There are now so many different mortgages offered, and different interest offered by different banks, with a plethora of jargon and terms you may not understand that it can seem pretty daunting dealing with any mortgage lender. It can in fact take time to understand what a fixed rate it compared with an interest only, a tracker and so on. Your circumstances will often determine which mortgage is better suited to you, but it is still worth understanding all of the different types of mortgages before making your decision and of course it is always worth seeking legal advice if you are unsure or simply need clarification.
Essentially the main types of mortgages are repayment or interest-only. A repayment mortgage ensures that your mortgage is completely paid off in full by the end of the term and is often the more popular choice as it offers more security. However, the monthly mortgage payments tend to be much higher as you are covering both the main capital as well as the interest. On the other hand, an interest-only mortgage does exactly what it says – you pay only the interest each month. This makes the repayments much cheaper but the idea is that you invest the remainder of your cash into something which will generate enough to pay off the capital at the end of the term.
Unfortunately, the downside to this is that it can be very difficult to raise the amount of capital needed to pay off the entire mortgage at the end of the term, putting you at risk of losing your home.
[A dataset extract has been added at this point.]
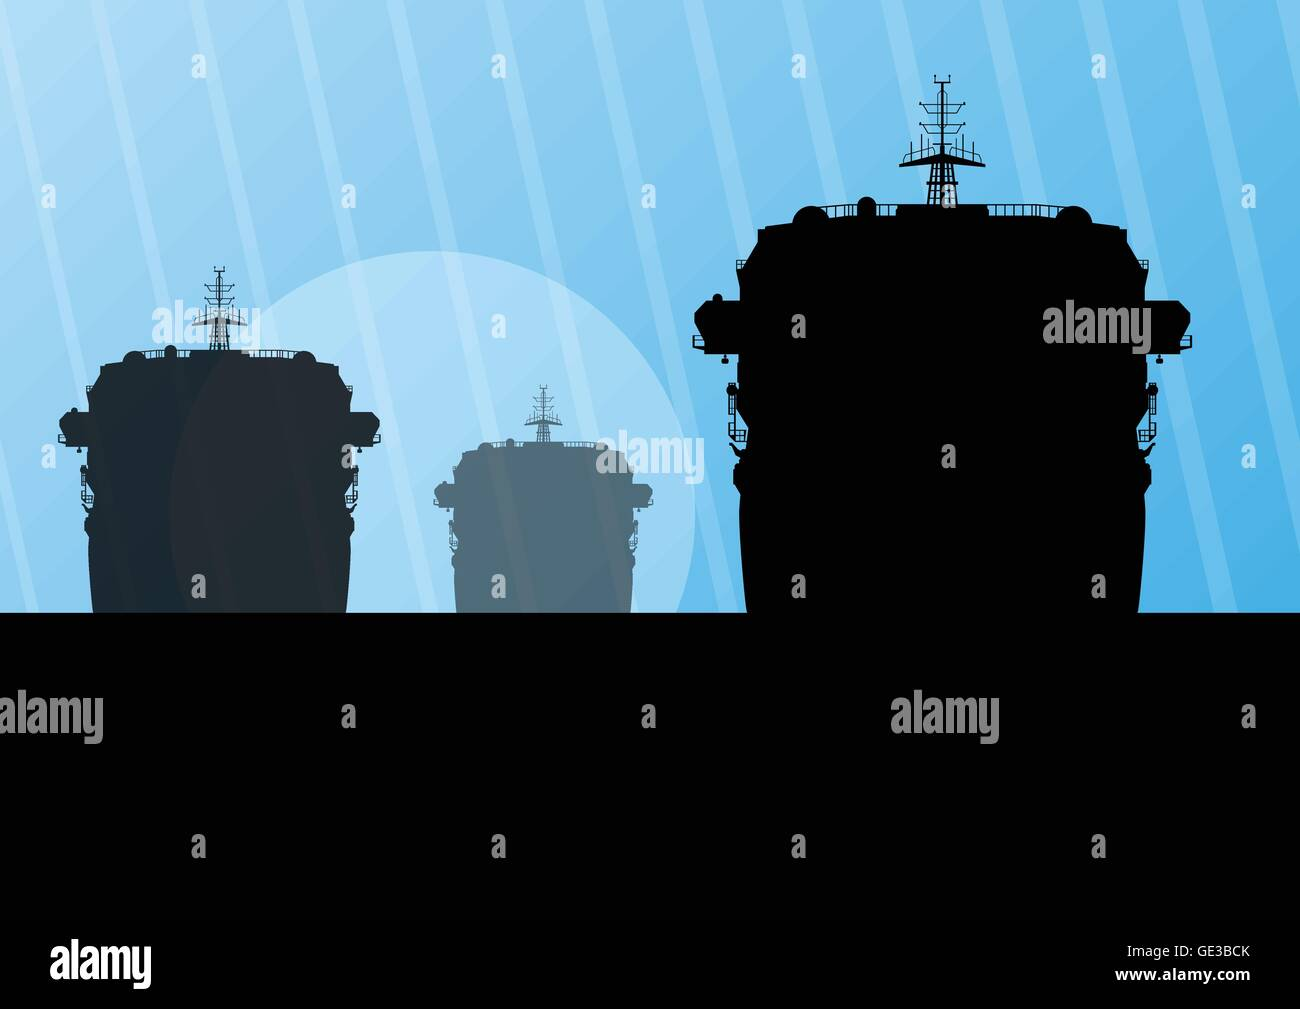 Navy military battleships with guns in ocean landscape background illustration vector - Stock Vector

A quick property sale however, can help you avoid the consequences of losing your home. Due to what was considered irresponsible lending a few years ago, many people faced losing their home as their income was not enough to meet the repayments. As a result of this lending has become much stricter and it has now become much more difficult to get an interest-only mortgage. They are usually only suited to people who are expecting an inheritance or large amount of money in the future, or perhaps to people with an uneven income so they can pay off the capital as and when they can. Therefore it is more likely that you will be offered a repayment mortgage, which offers you much more security for the future.